TransformerEngine
TransformerEngine copied to clipboard
Can we only replace part of nn.Linear with te.Linear and others keep unchanged?
I'm not sure what you mean - if you want to run some Linear layers in fp8 and the rest in higher precision, or you want to run for example forward in fp8 and backward in high precision. Both of this scenarios will be possible when this PR will be merged (hopefully this week).
I'm not sure what you mean - if you want to run some Linear layers in fp8 and the rest in higher precision, or you want to run for example forward in fp8 and backward in high precision. Both of this scenarios will be possible when this PR will be merged (hopefully this week).

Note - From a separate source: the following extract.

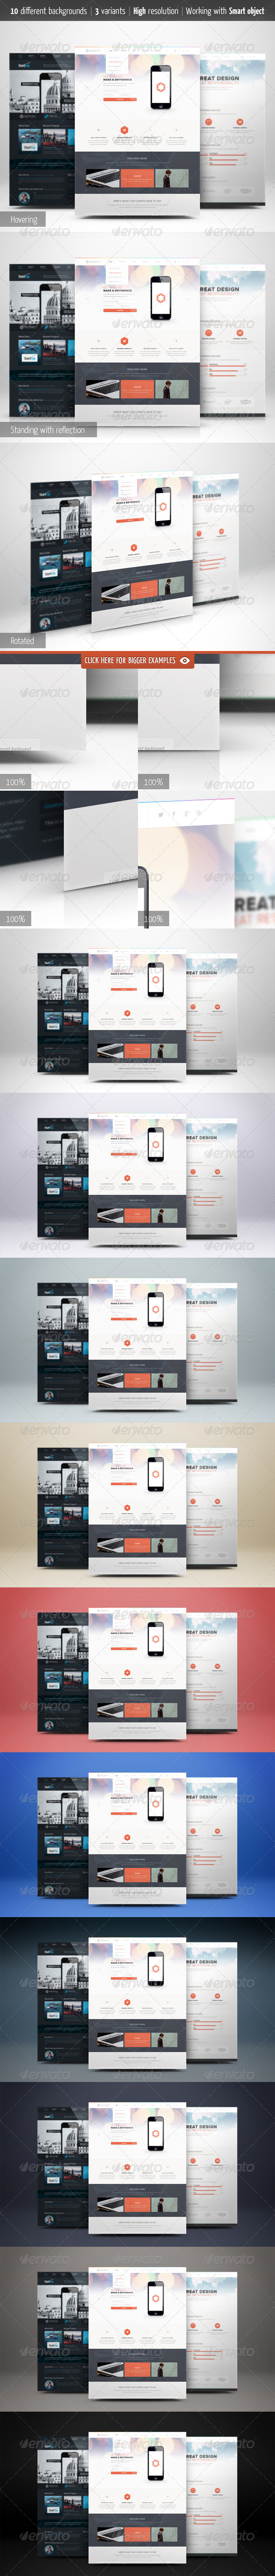 GraphicRiver Web Page Presentation Mockup with Studio Backdrops 5946642

Thank you! I mean run some layers in fp8 and other's in high precision.
Yes, you can do that. You can either just leave some layers as nn.Linear or you can nest the fp8_autocast context manager, something like this:
with fp8_autocast(enabled=True):
y = te_linear1(x) # will compute in FP8
with fp8_autocast(enabled=False):
z = te_linear2(y) # will compute in high precision
Both of this scenarios will be possible when this https://github.com/NVIDIA/TransformerEngine/pull/1441 will be merged (hopefully this week).
Hi @pggPL , looks the original PR has been closed and split into 4 PRs. May i know when can we expected these changes been merged into TE?
I want to merge them as soon as possible, there was temporal shortage of reviewers due to other deadlines with higher priority, but I hope it will be merged soon.